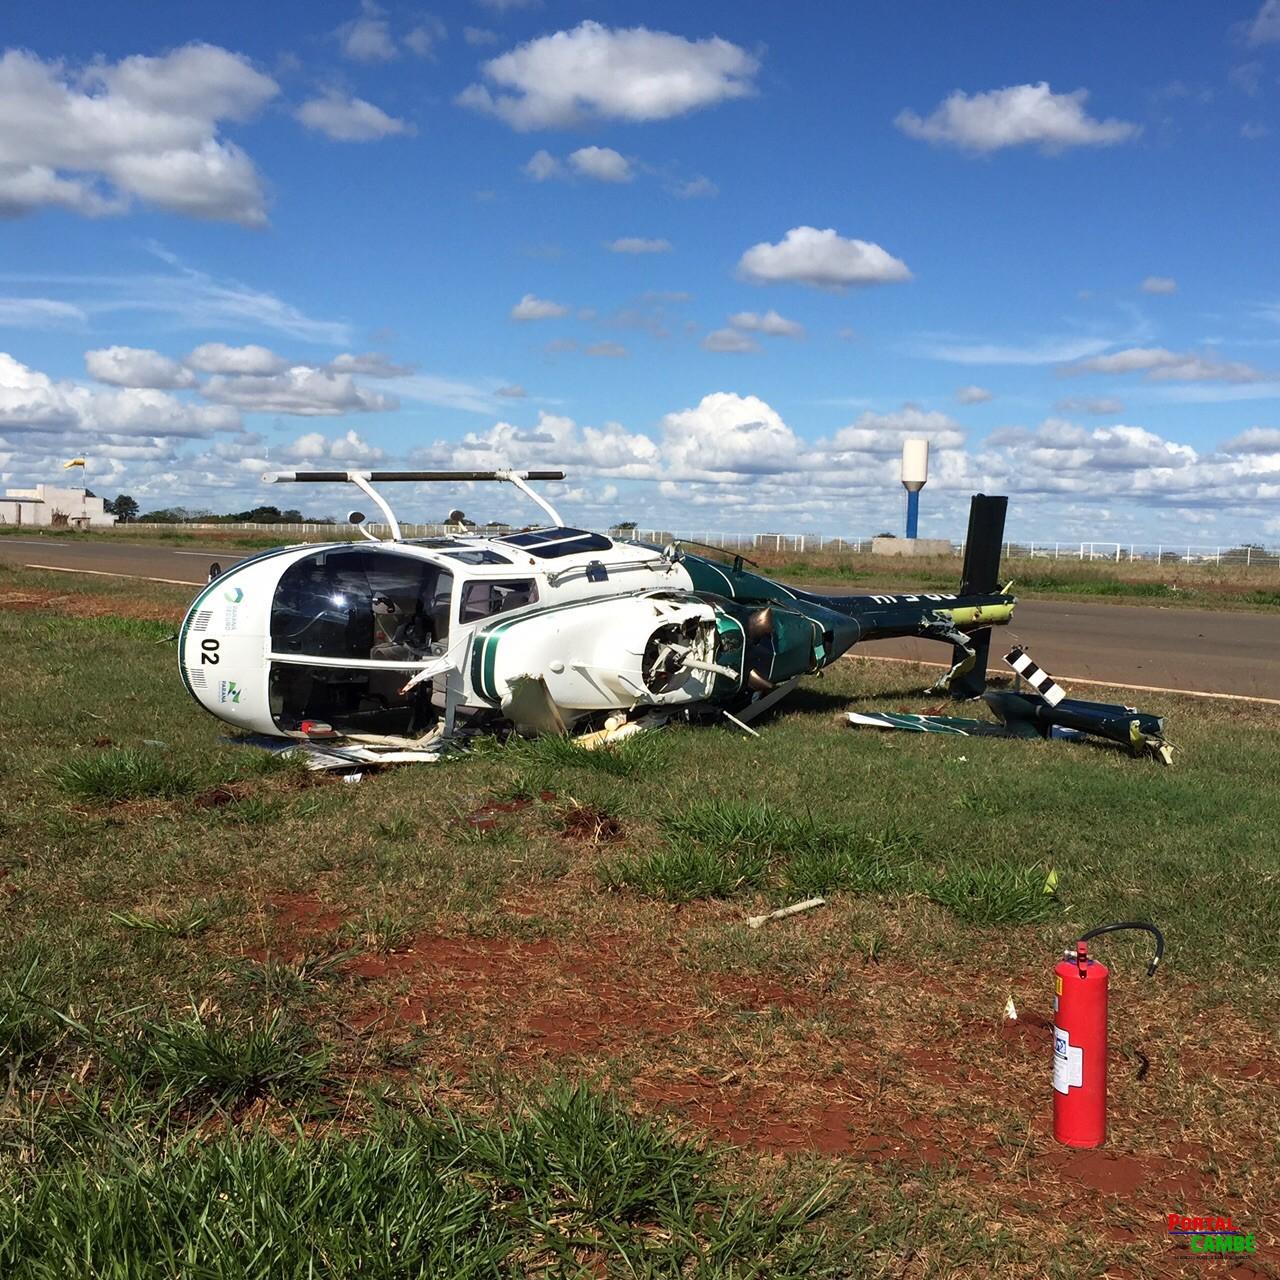 Helicóptero do GRAER de Londrina faz pouso forçado no Aeroporto 14 Biz
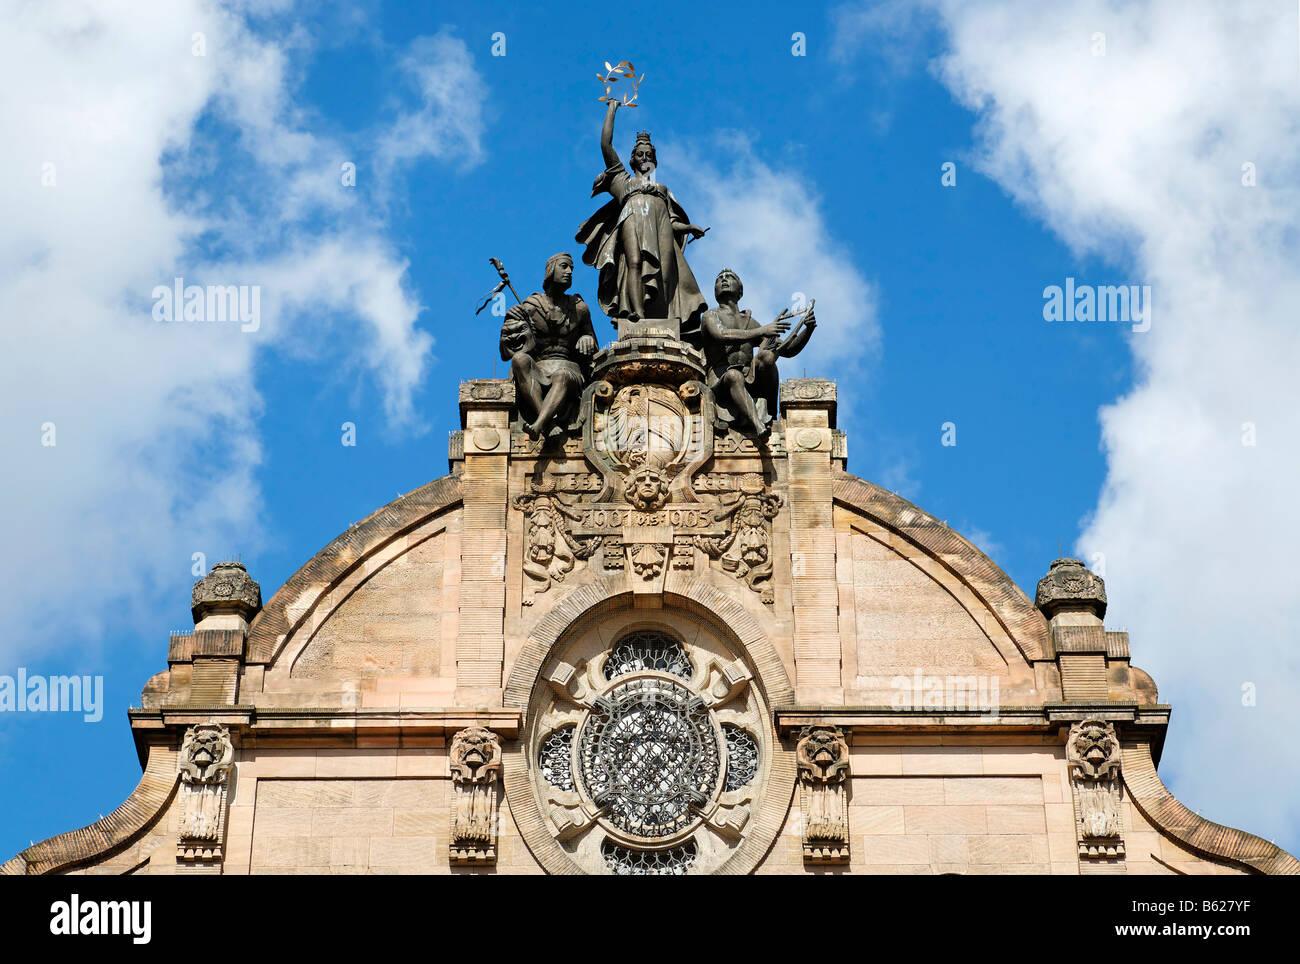 State theatre, opera, gable, art nouveau, Nuremberg, Middle Franconia, Bavaria, Germany, Europe - Stock Image
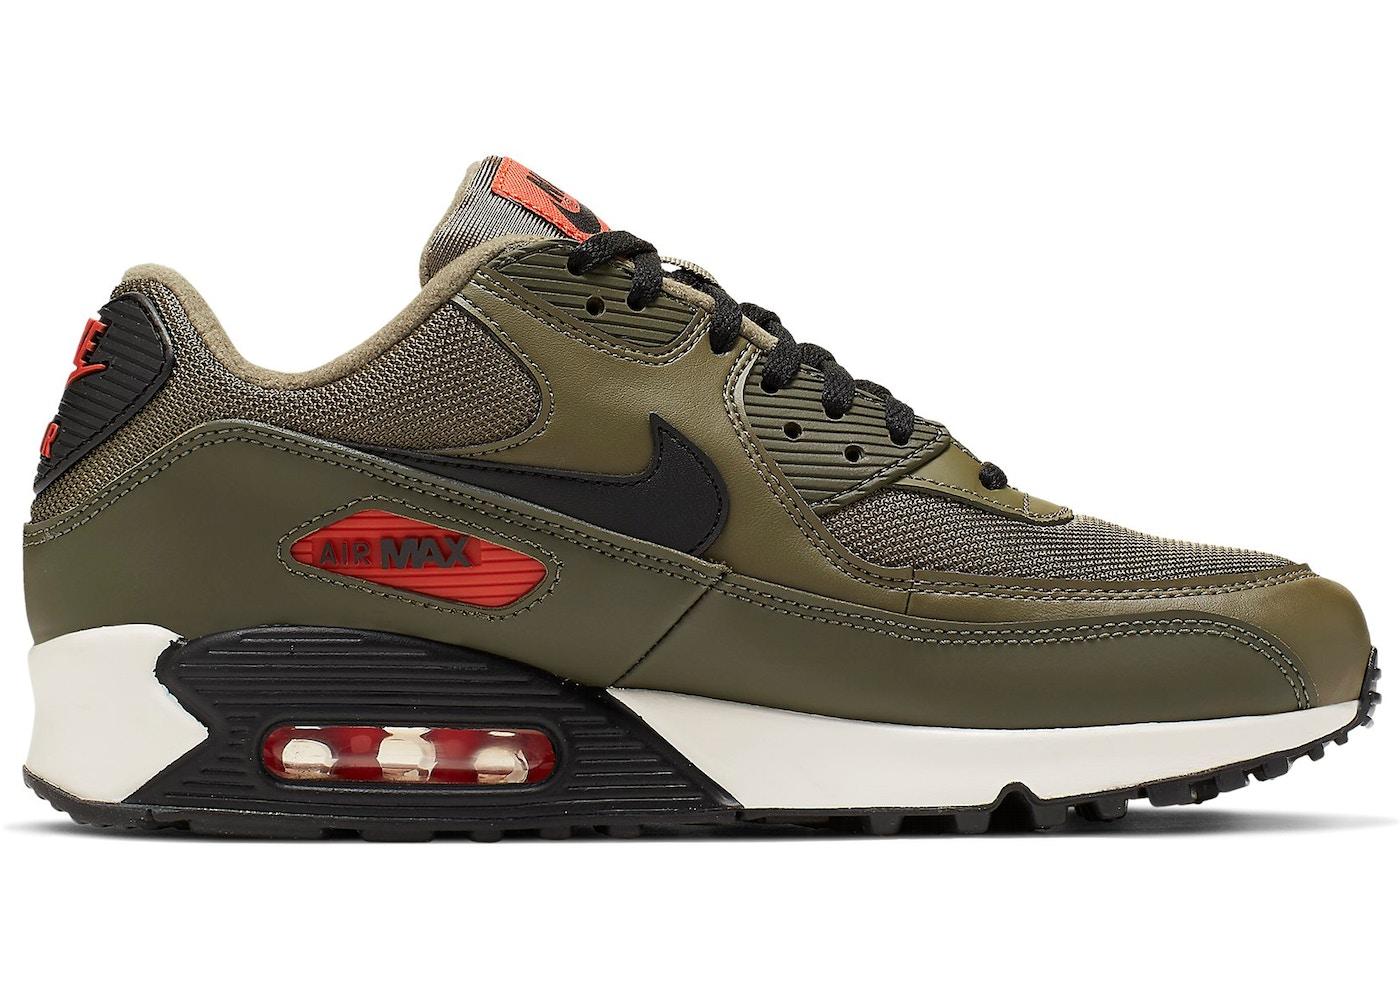 874d34c0b937 Buy Nike Air Max 90 Shoes   Deadstock Sneakers
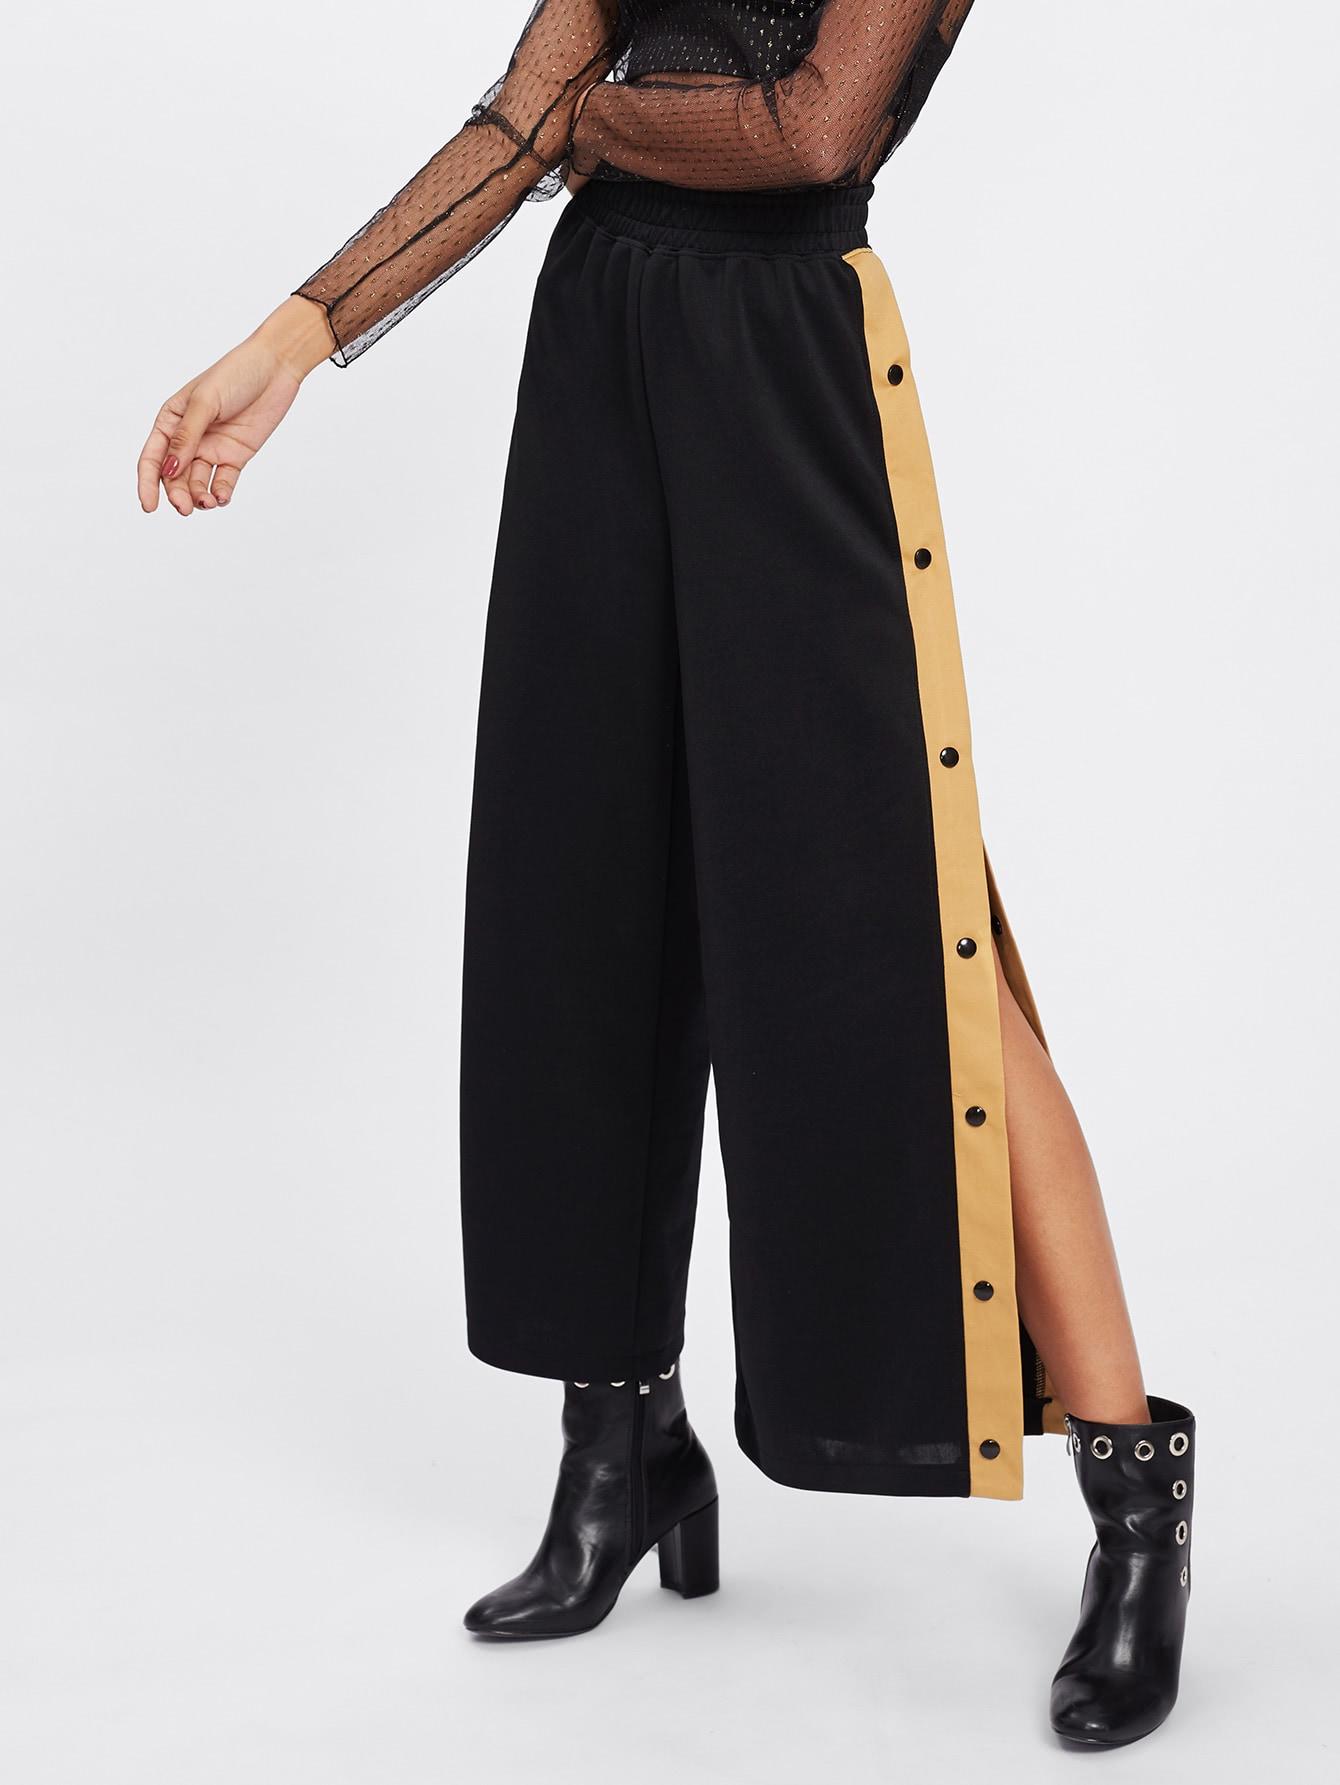 Contrast Snap Button Side Culotte Pants snap button striped side pants

## Problem details
Write out the data above precisely. Pictures stay out.

## Answer area
 Helicóptero do GRAER de Londrina faz pouso forçado no Aeroporto 14 Biz
 State theatre, opera, gable, art nouveau, Nuremberg, Middle Franconia, Bavaria, Germany, Europe - Stock Image
 874d34c0b937 Buy Nike Air Max 90 Shoes   Deadstock Sneakers
 Contrast Snap Button Side Culotte Pants snap button striped side pants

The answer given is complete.